Некоторое кокетство можно было заподозрить в сохранении усов. Они должны были мешать ему как актеру, однообразить его грим, а расстался с ними он очень нескоро, перед ролью Брута в „Юлии Цезаре“. Значит, только в 1903 году мы уговорили его обриться, так как представить себе Брута в усах было уже совершенно невозможно. Но ведь и знаменитый Сальвини всегда носил усы. А кроме того, Станиславский (Алексеев) был одним из директоров фабрики „Алексеевы и К“. Там относились к артистической работе своего содиректора сочувственно до тех пор, пока он не был похож на бритого актера» (В. Немирович-Данченко. Из прошлого).
«В большой его фигуре, величественной и строгой, было поистине что-то подавляющее. В театре ходили легенды о его требовательности, о беспощадном отношении к каждому, кто позволял себе хоть малейшую небрежность, малейшее нарушение дисциплины. С первых дней пребывания в школе мы знали, что Станиславский видел и замечал буквально все. Однажды, здороваясь со мной, он, к моему ужасу, взял мою руку и стал внимательно ее рассматривать.
– Почему у вас такие шершавые руки? – неожиданно спросил он меня.
Я пробормотала что-то невнятное. Не могла же я ему сказать, что шершавые руки считались в нашей гимназии высшим шиком.
– Руки надо беречь, – продолжал Константин Сергеевич. – Рука актера часто может сказать больше, чем целый монолог. А актриса должна особенно заботиться о своих руках. Повидайтесь с Марией Петровной Лилиной, я ее предупрежу, она возьмет вас под свое покровительство.

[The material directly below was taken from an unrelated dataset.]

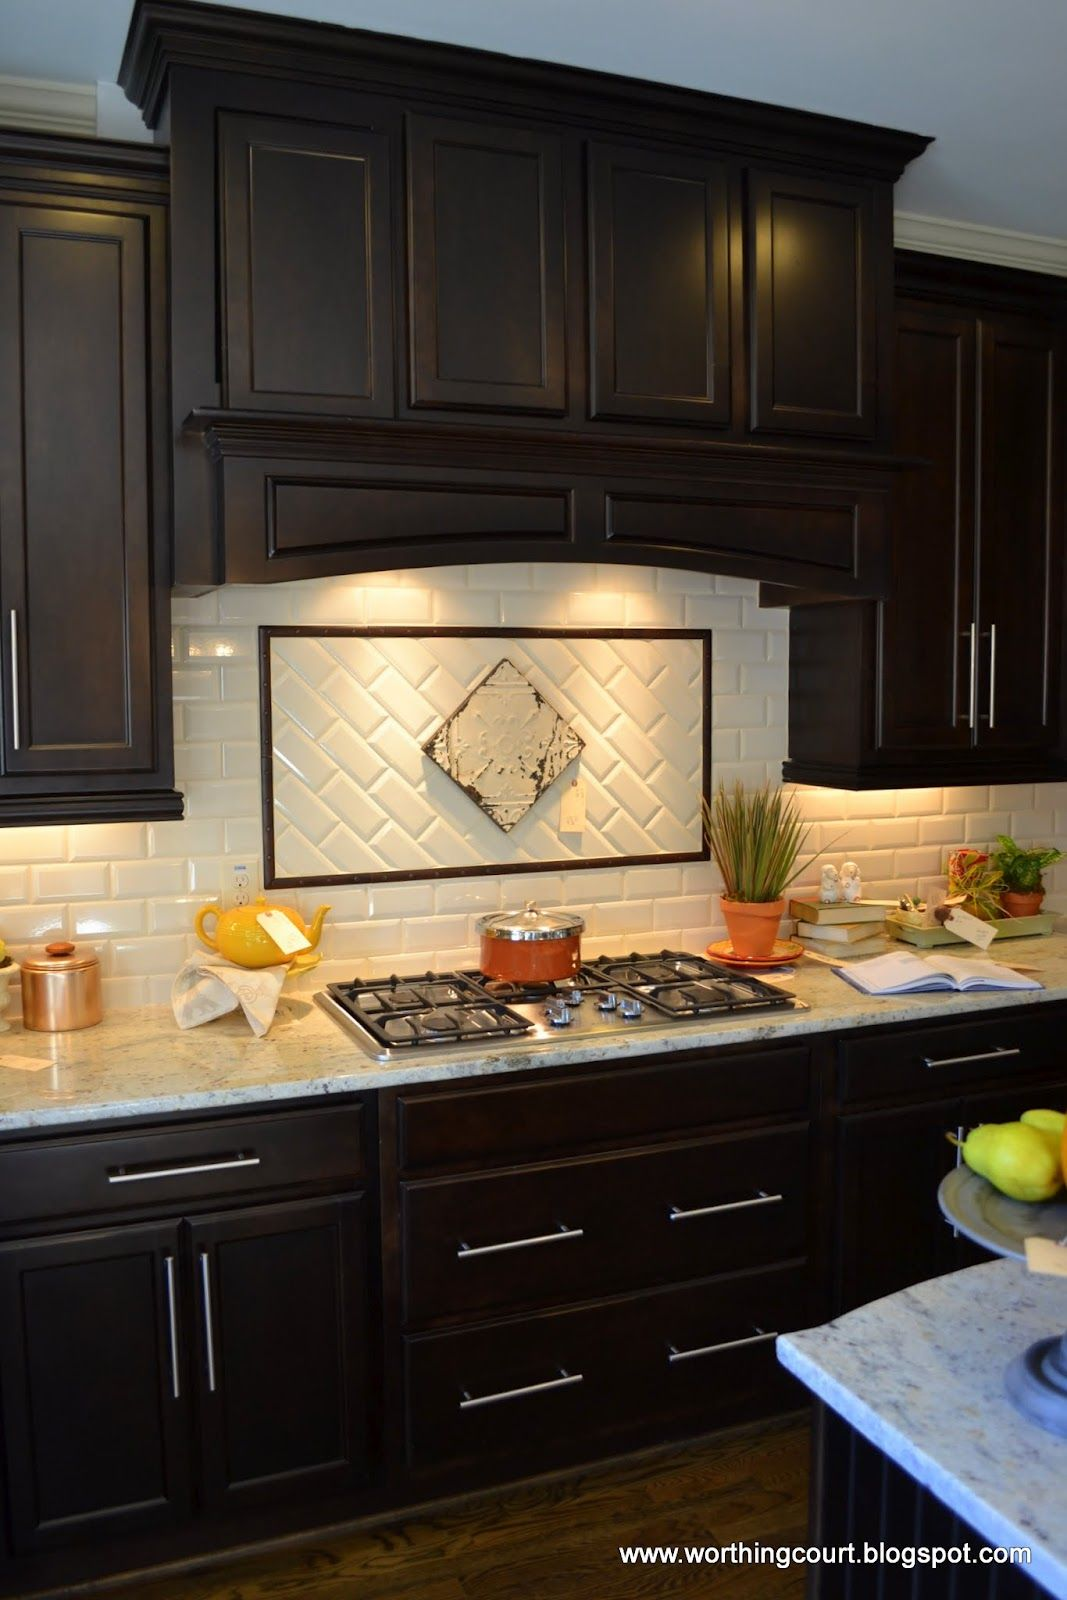 kitchen cabinets backsplash ideas photo - 5

…Как-то я была вызвана к нему домой. С волнением вошла я в большой зал в квартире Станиславского в Каретном ряду. Зал был холодный, неуютный, по стенам стояли стулья и одиноко возвышалось в кадке какое-то дерево. Впустив меня и притворив дверь, Константин Сергеевич сел в кресло и предложил мне походить по залу. Я с тревогой взглянула на скользкий, хорошо натертый паркет, но набралась храбрости и стала ходить взад и вперед, от смущения стараясь быть как можно развязнее. Наконец Константин Сергеевич остановил меня и сказал:
– Двигаетесь вы хорошо, но излишне махаете руками. И вообще у вас очень уж мальчишеские манеры. Пора вам становиться барышней.
Позднее, когда я стала себя чувствовать со Станиславским более свободно, он часто возвращался к тому, как важно актерам, а особенно актрисам, уметь держать себя на сцене и, как он говорил, „справляться со своими руками“. Этим недостатком, по его мнению, страдала даже Ермолова.
…Семья Станиславского занимала второй этаж большого особняка в Каретном ряду. Парадную дверь всегда открывал старый слуга Алексеевых Василий. Он почему-то напоминал мне Фирса из „Вишневого сада“. Обращался он с Константином Сергеевичем, как с малым ребенком: при выходе из дому обязательно подавал ему галоши, какая бы ни была погода, а выпроваживая в театр, непременно наказывал не давать извозчику больше пятиалтынного. Иногда после занятий я выходила из дому вместе с Константином Сергеевичем, и меня очень смешило то, как послушно выполнял он наказ Василия и покорно торговался с извозчиком. Извозчик обычно плелся следом за ним, уговаривая барина не скупиться, но Константин Сергеевич не уступал, и мы долго шли пешком, пока где-то на полдороге извозчик со вздохом не соглашался: „Ну уж, разве что из уважения“, и открывал полость.